» Exercise description
Your job is to print, exactly, the lines in the data below from the line with "big image 1" through the line with "看见美好摄于:@湖南省博物馆石家河文化·玉人首新石器时代(石家河", both included, and to omit any picture.

» Information shown

────────────────────────────────────────

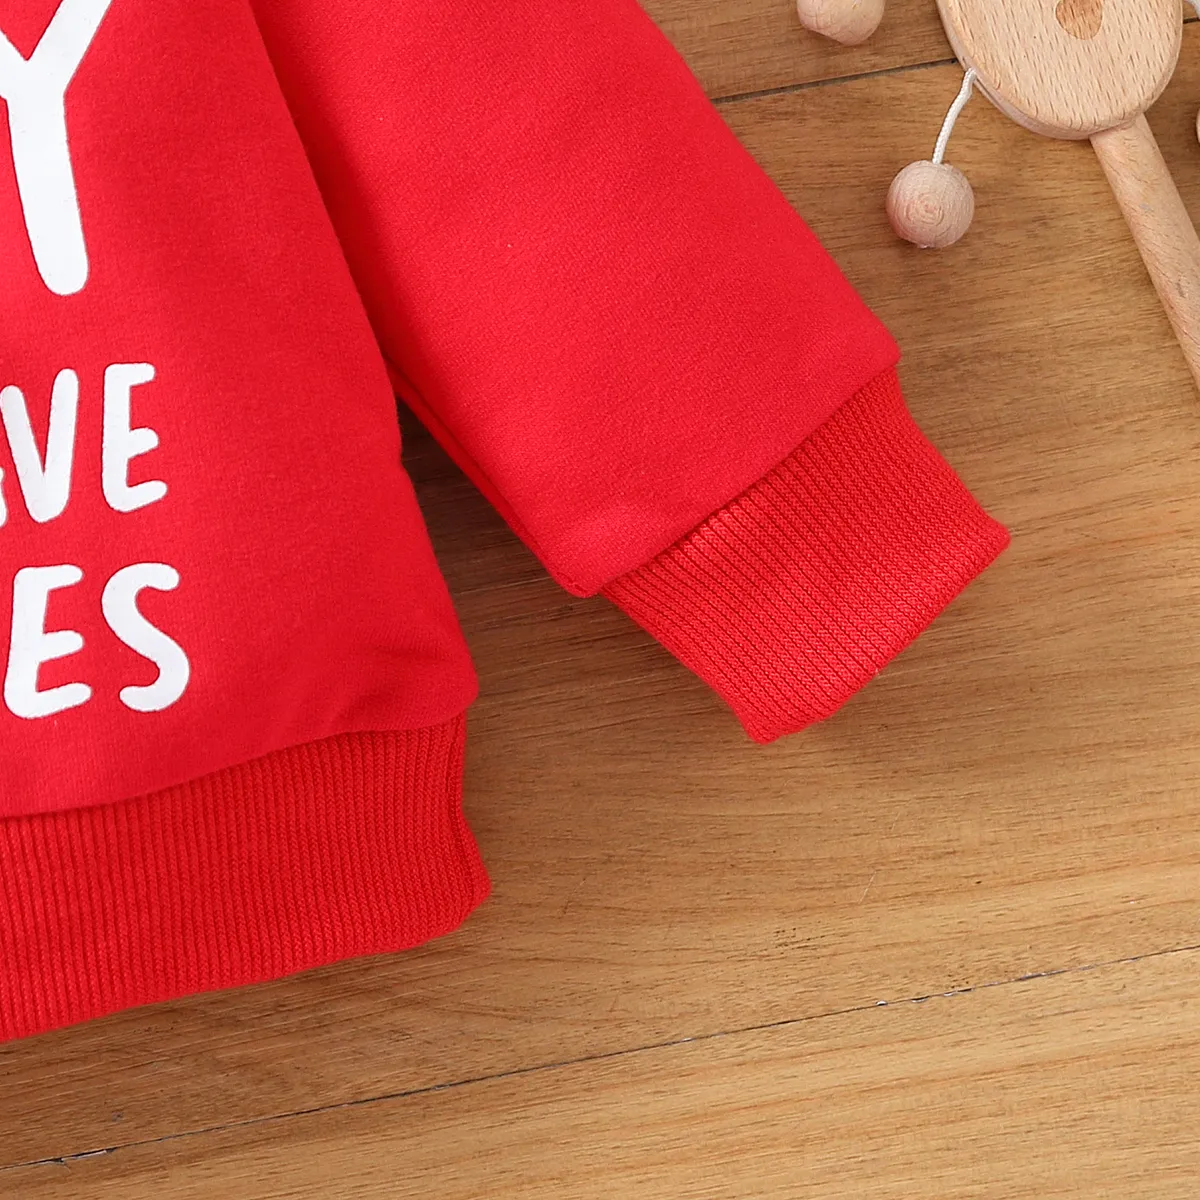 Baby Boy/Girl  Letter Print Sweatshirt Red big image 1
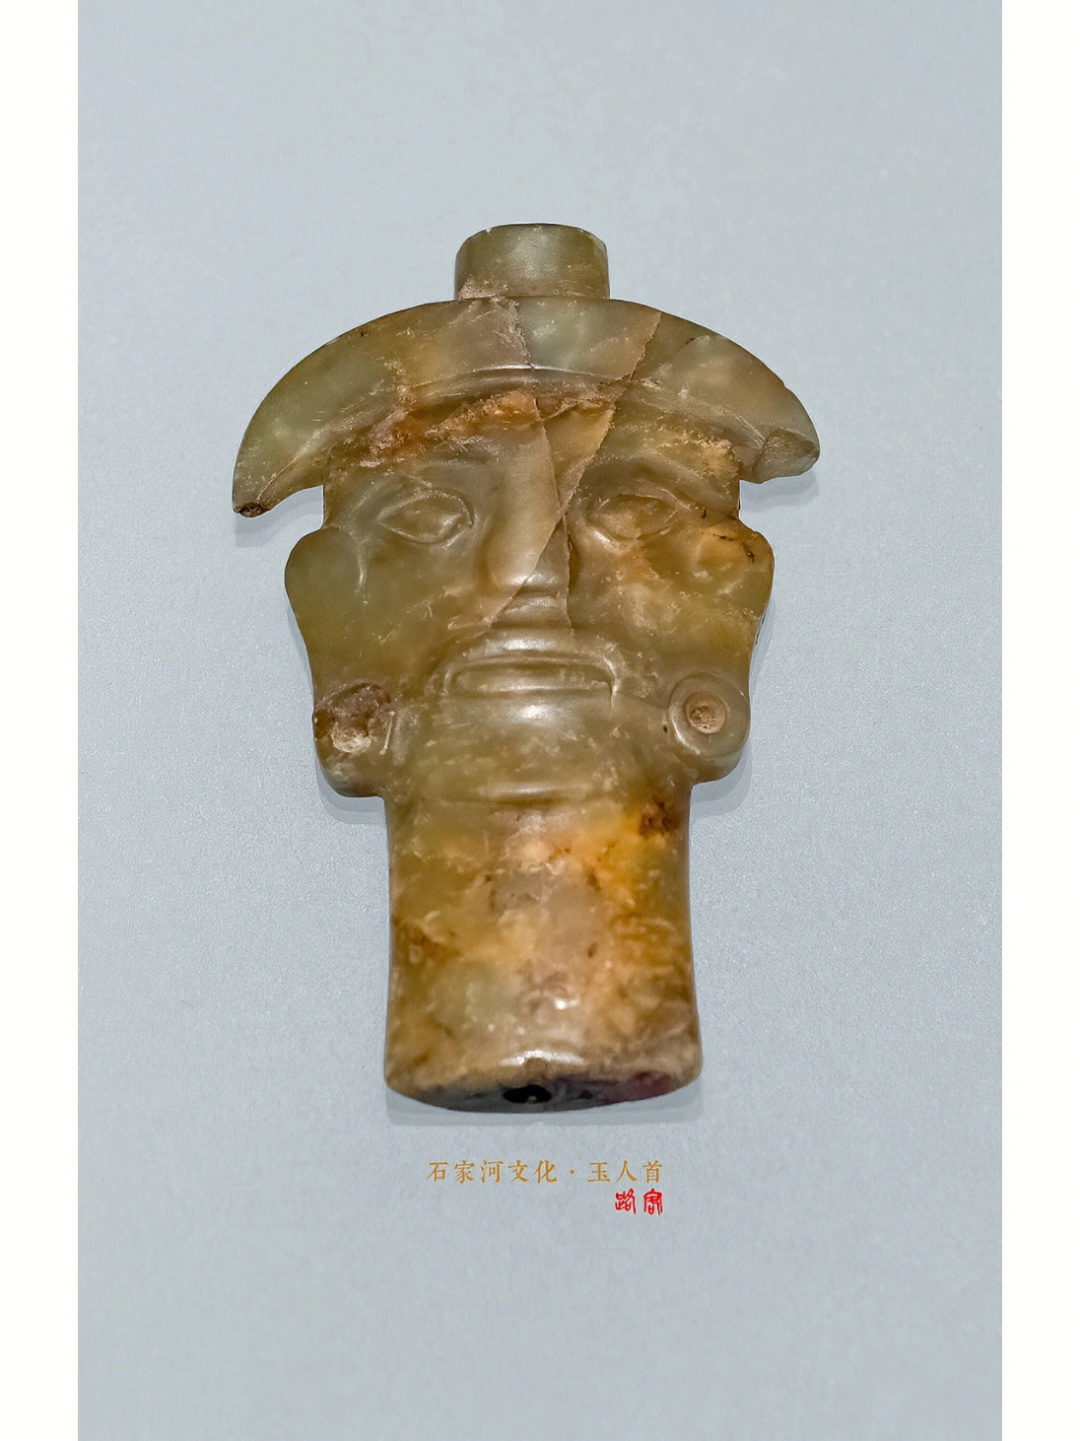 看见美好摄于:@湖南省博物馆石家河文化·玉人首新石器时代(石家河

────────────────────────────────────────

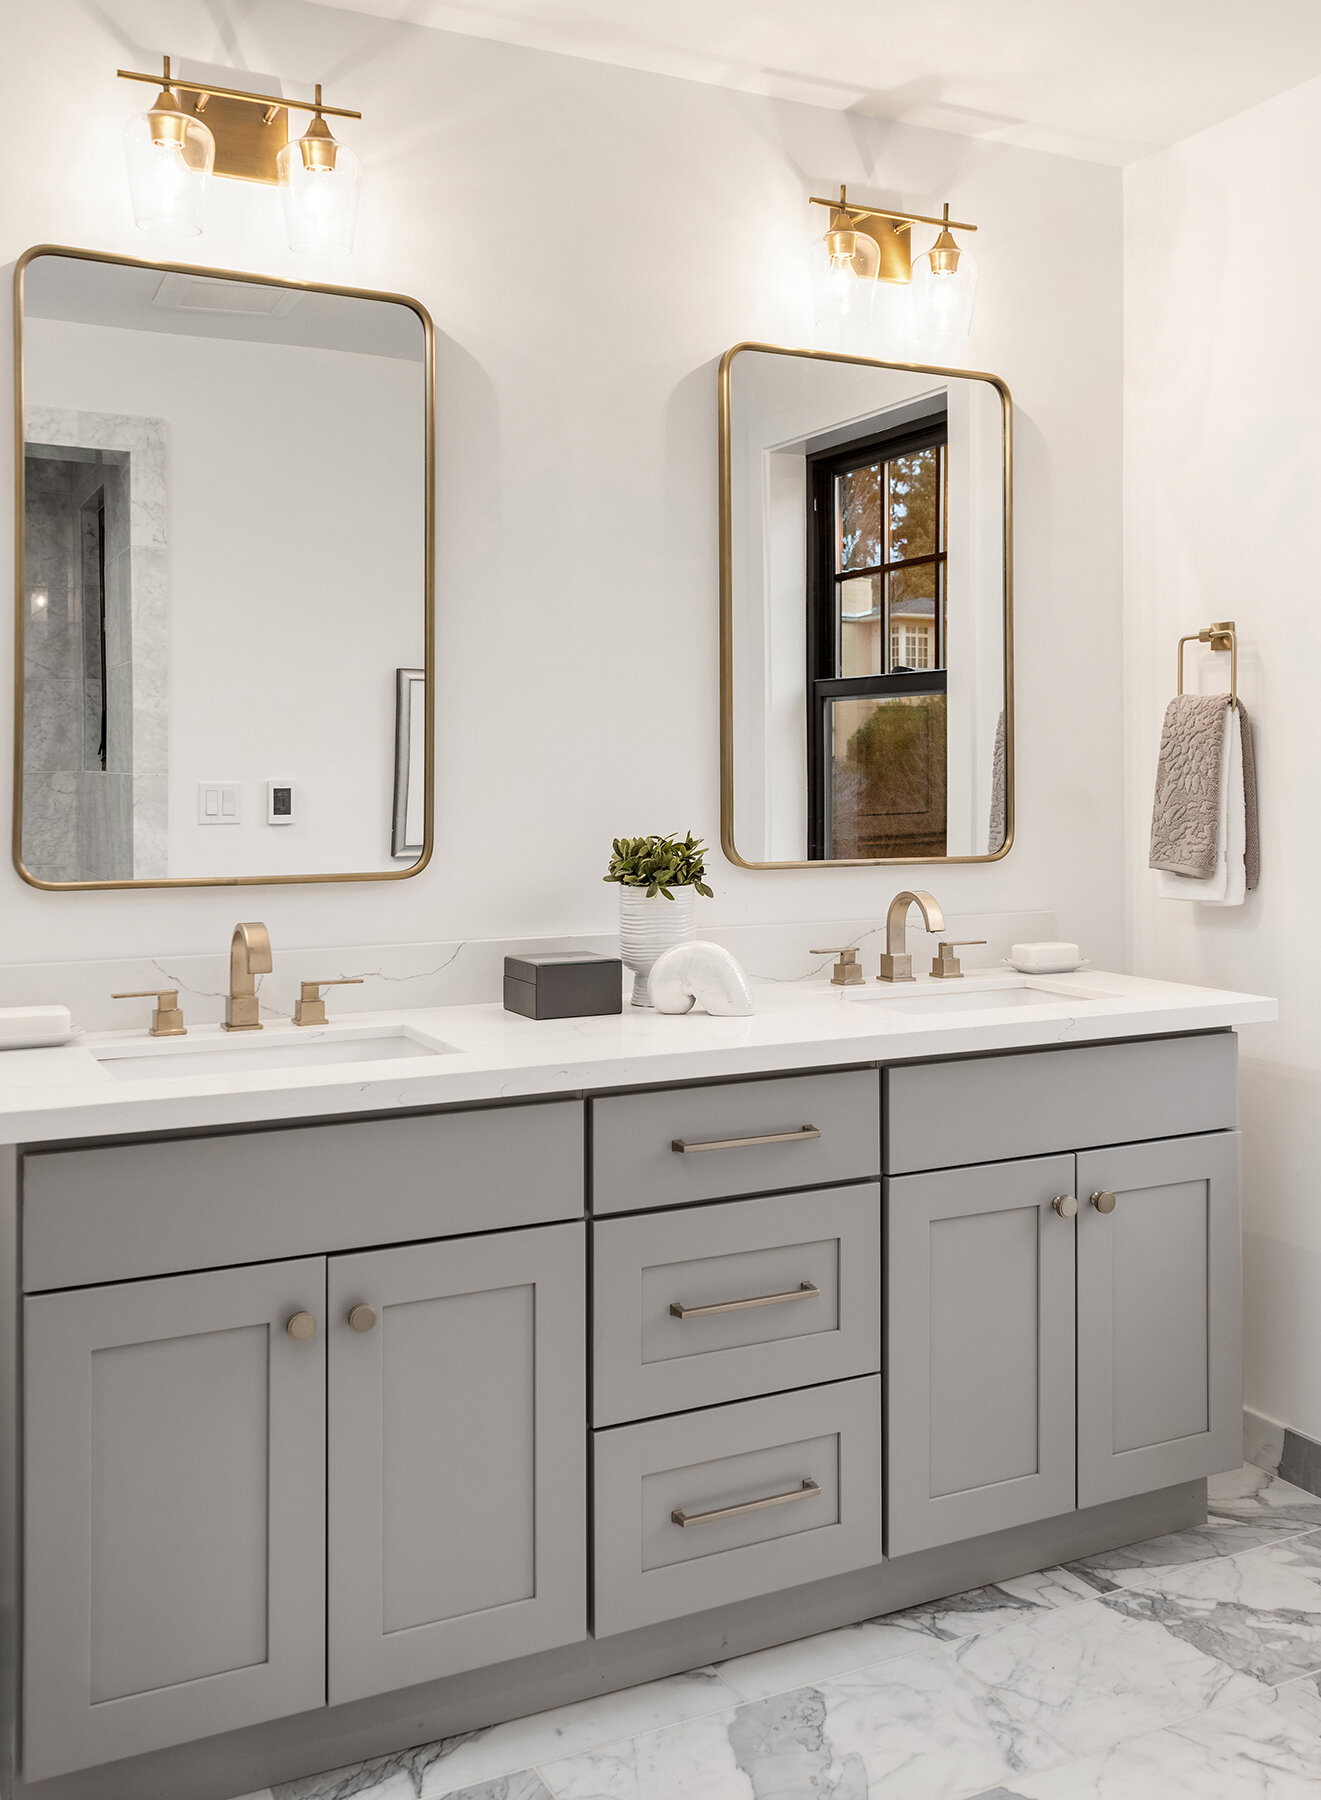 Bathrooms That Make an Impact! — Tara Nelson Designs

────────────────────────────────────────

» Answer
 Baby Boy/Girl  Letter Print Sweatshirt Red big image 1
 看见美好摄于:@湖南省博物馆石家河文化·玉人首新石器时代(石家河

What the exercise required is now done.